Endpoint	`GET /api/v1/tasks/:id`
Response	`{"task_id": "t-7f3a2", "status": "completed", "result": {...}, "attempts": 1}`

Cancel a Task

Endpoint	`DELETE /api/v1/tasks/:id`
Response	`{"task_id": "t-7f3a2", "status": "cancelled"}`

202 Accepted is the right status code — the request has been accepted for processing, but the processing has not been completed. This signals the asynchronous nature of the system.

▸ Task lifecycle: submit → queue → process → complete

Click chart to zoom

Task flow: workers poll the queue, ACK on success, NACK on failure. After repeated failures, tasks move to the dead letter queue for manual inspection.

▸ Reliability: retries, dead letter queues, idempotency

Visibility Timeout and Failure Handling

The visibility timeout is the core reliability mechanism. When a worker picks up a task, the task becomes invisible to other workers for a set duration (e.g., 30 seconds). This prevents duplicate processing.

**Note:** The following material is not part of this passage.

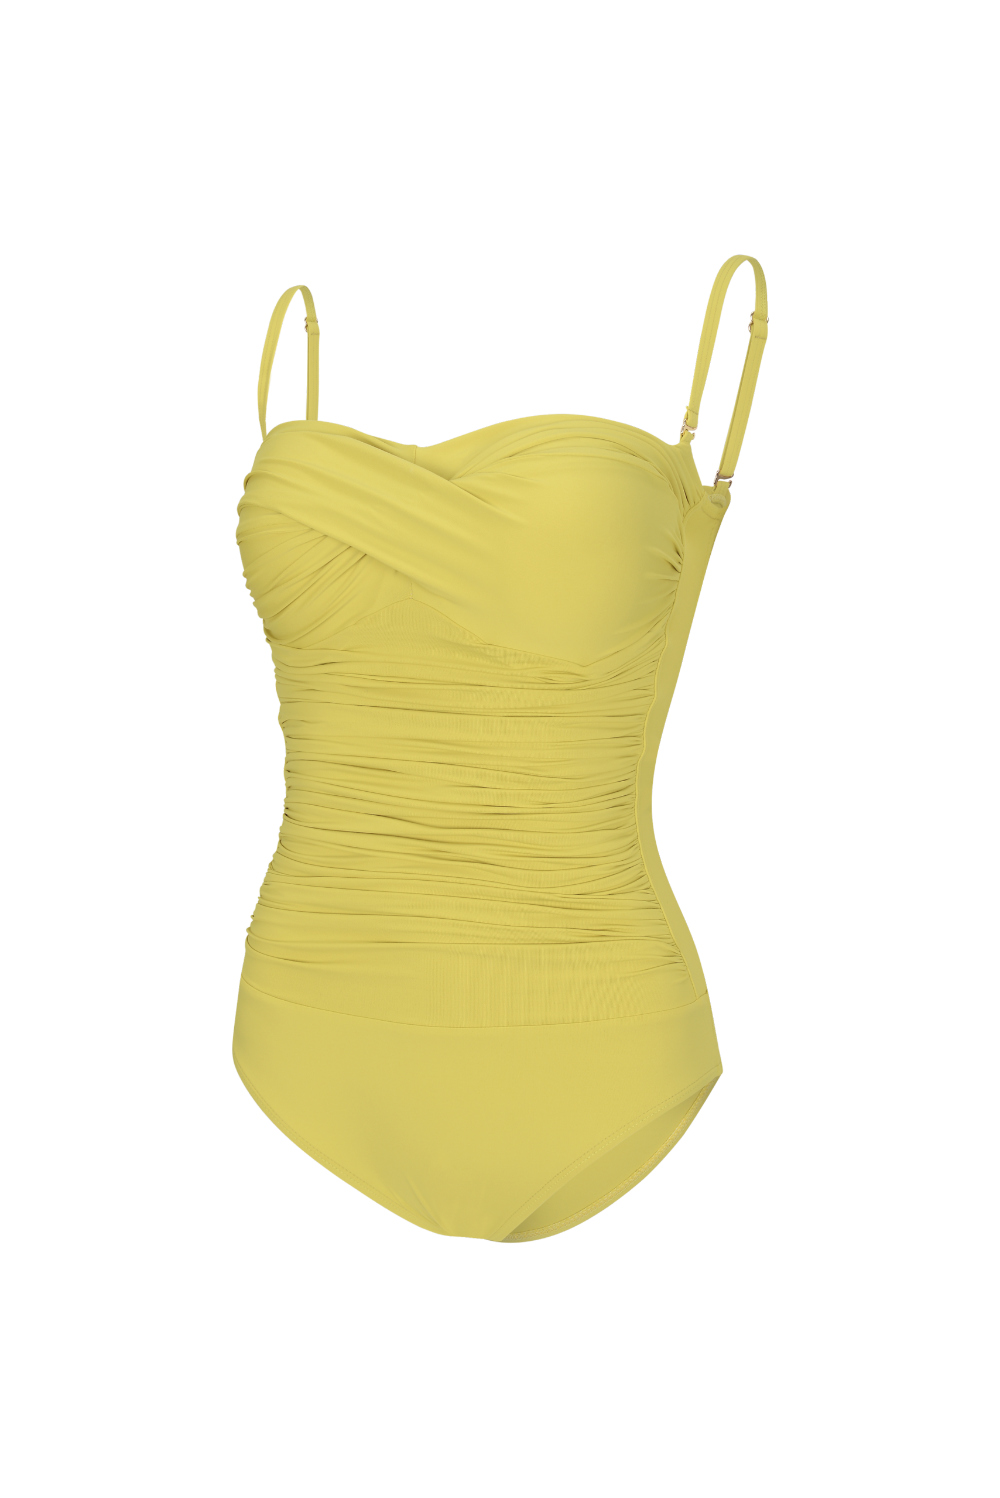 游泳衣/内部磨损 yellow 彩色图像-S2L4

What happens if a worker crashes?

Worker picks task, visibility timeout starts (30s).
Worker crashes at second 10 — no ACK sent.
After 30s, the task becomes visible again in the queue.
Another worker picks it up and processes it.

Dead Letter Queue (DLQ): After a configurable number of retries (e.g., 3), the task is moved to a separate DLQ. This prevents "poison messages" — tasks that always fail — from blocking the queue forever. Engineers can inspect the DLQ and either fix and replay the tasks, or discard them.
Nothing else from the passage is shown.